Hurricane Could Devastate New York, U.S. Economy, Experts Warn

May 19, 2006

Forecasters are warning that a hurricane making landfall at or near New York City could cause catastrophic damage in the U.S.'s largest urban center.

While a storm is unlikely to make direct landfall on Manhattan, a nearby storm would cause extensive flooding and heavy storm surges, experts say.

Even a minimal hurricane could put the runways at John F. Kennedy Airport underwater, and the battering action of wind-driven waves could cause significant damage to buildings, says Stephen Baig, a storm surge specialist with the National Hurricane Center in Miami.

A minor hurricane could also cause flooding throughout Lower Manhattan, depending on how the storm approached and whether it arrived at high or low tide.

Making matters worse, many New York residents may not realize how severely they could be affected by a hurricane.

Scott Mandia, a professor of physical sciences at Suffolk County Community College in Selden, says Long Island's 4 million residents could be surprised by the aftermath of a storm.

"What I think they don't understand is how many days and weeks after a hurricane that their lives will be completely changed," Mandia said.

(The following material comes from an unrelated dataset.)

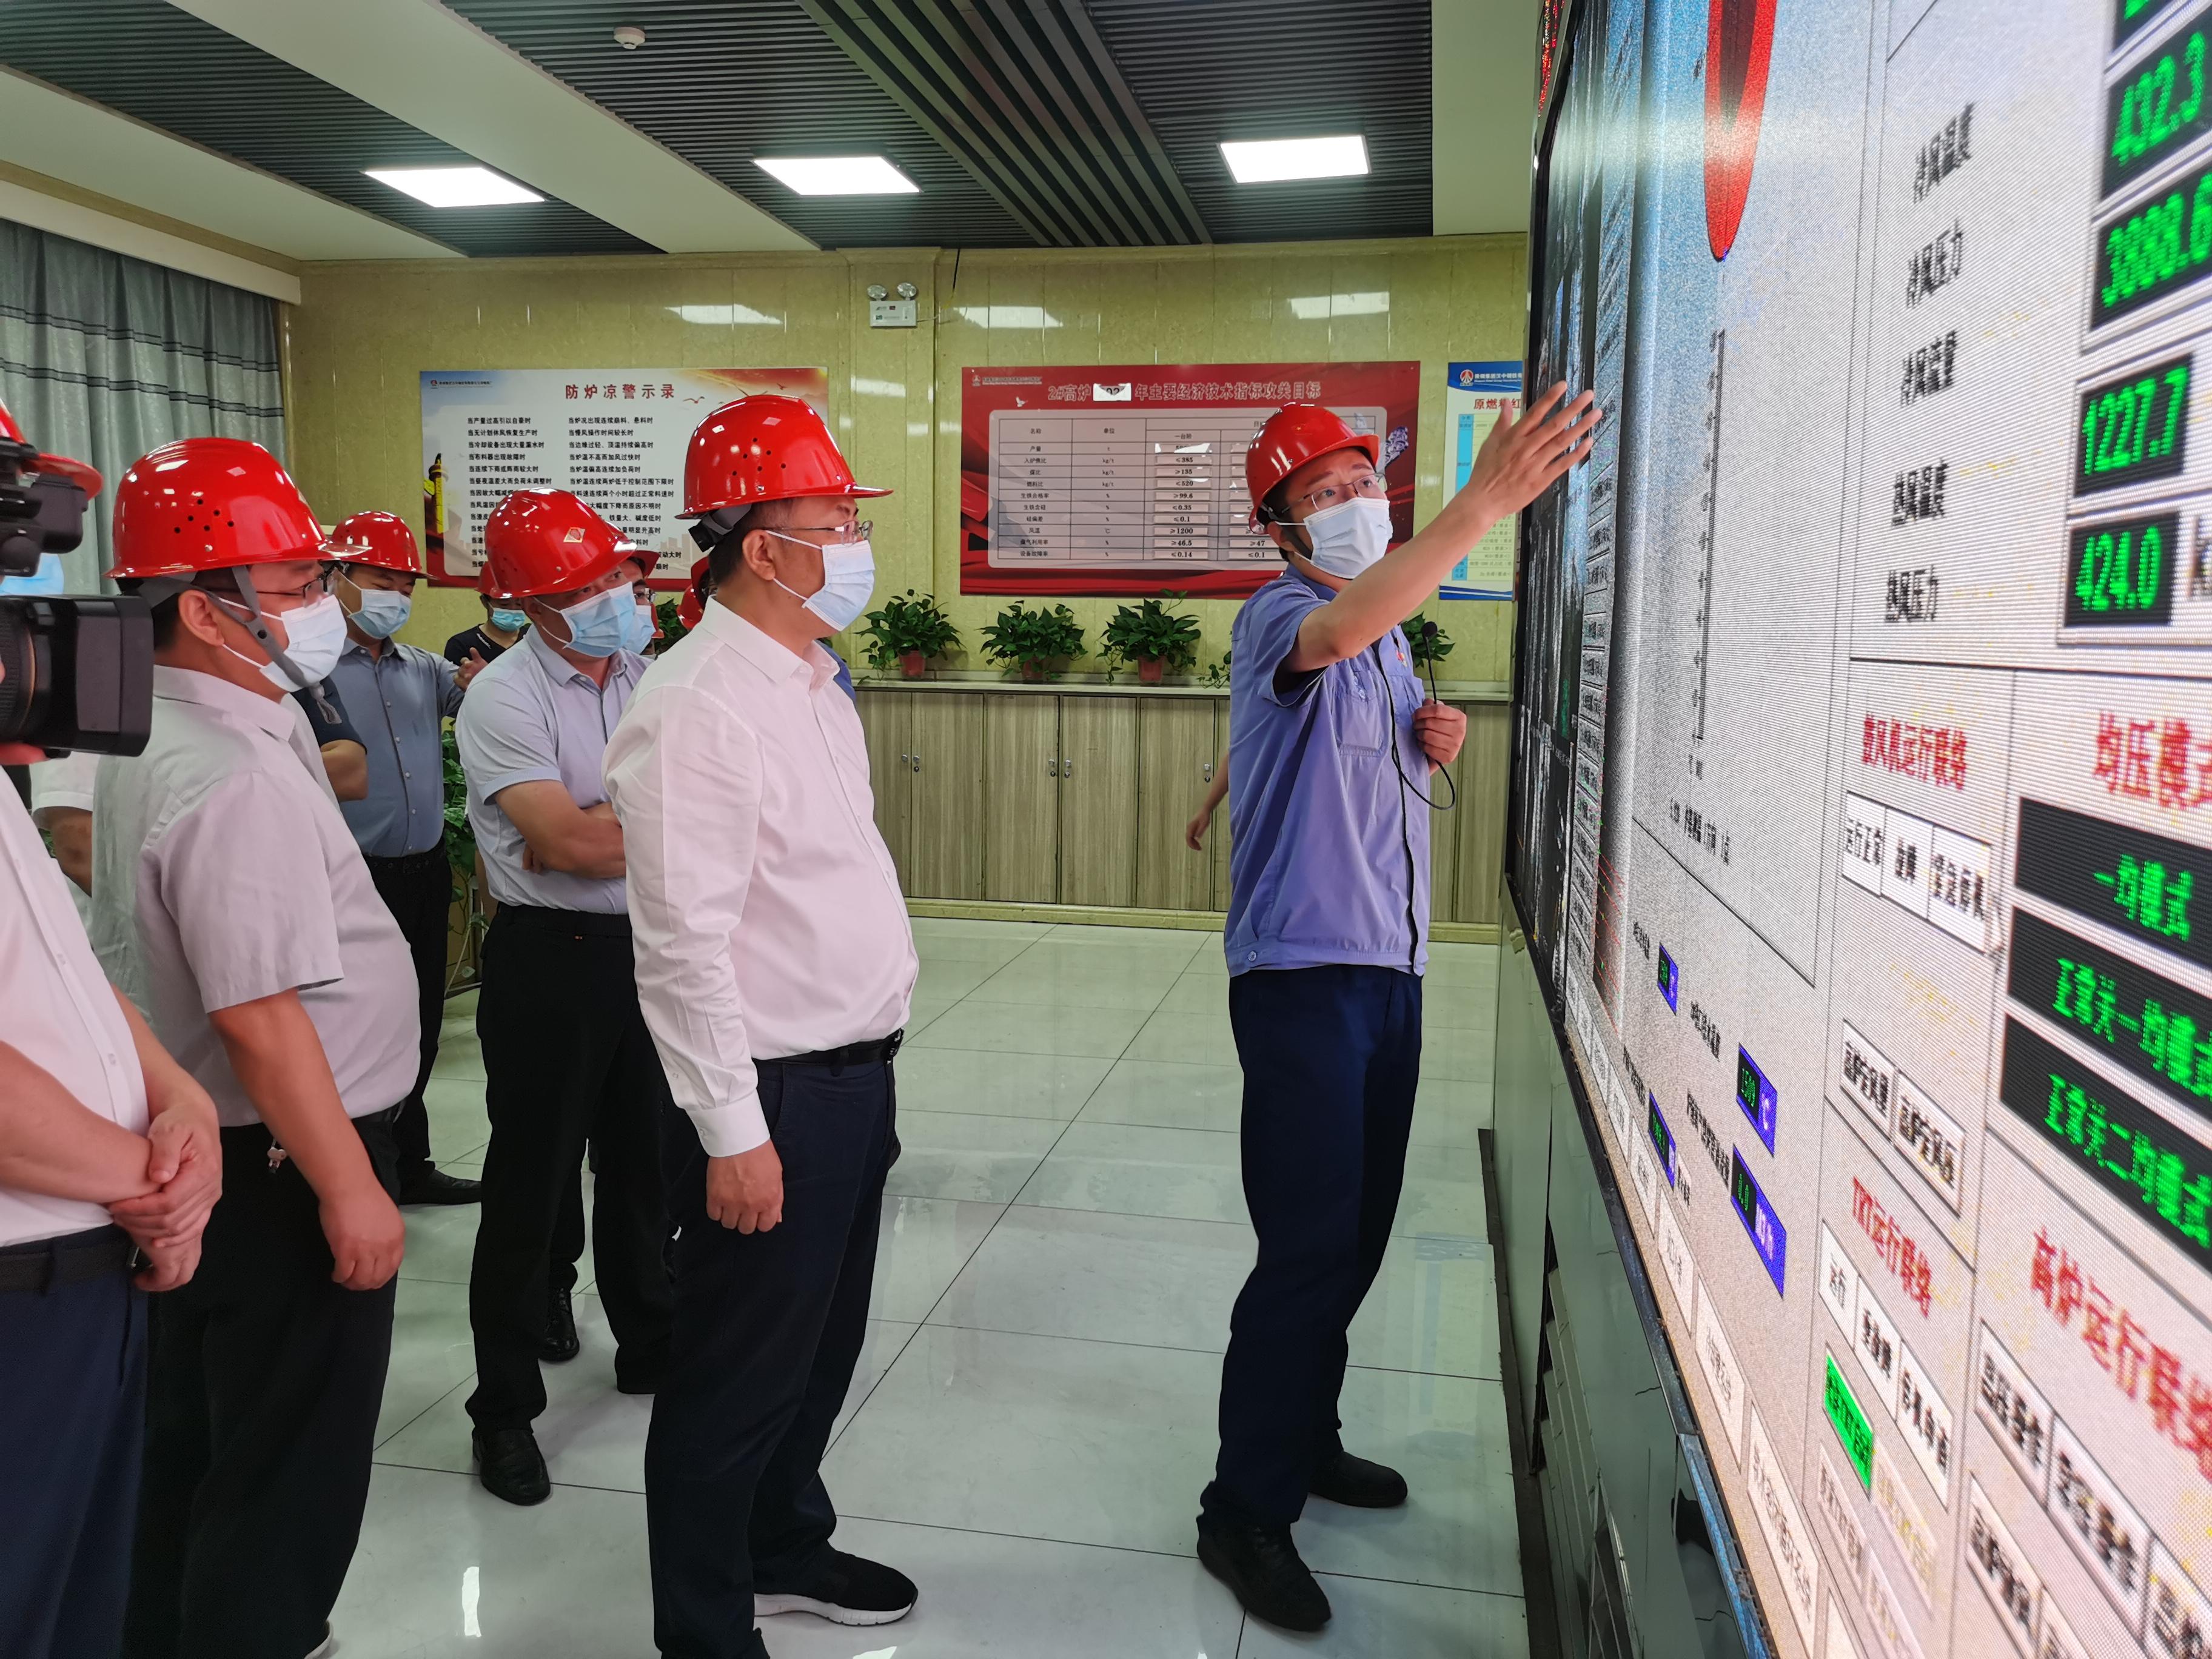 汉钢公司炼铁厂:管理创新所带来的巨变

"People who live away from the water think a hurricane will mean one day away from work, then back to normal."

"There will be an economic shutdown for a few weeks, if not a month," he said. "The economic standstill will be the biggest surprise for people."

Gregory Caronia, director of emergency preparedness for Nassau County on Long Island, said he tells Nassau County residents to be prepared to survive for at least four or five days on their own after a hurricane.

"We have so many people here and limited resources," Caronia said.

"Response within hours is not feasible. Within eight hours after a hurricane, we might be able to get some sort of reconnaissance [of the damage]. Beyond that, it might be a day or two or three before we can get help to them."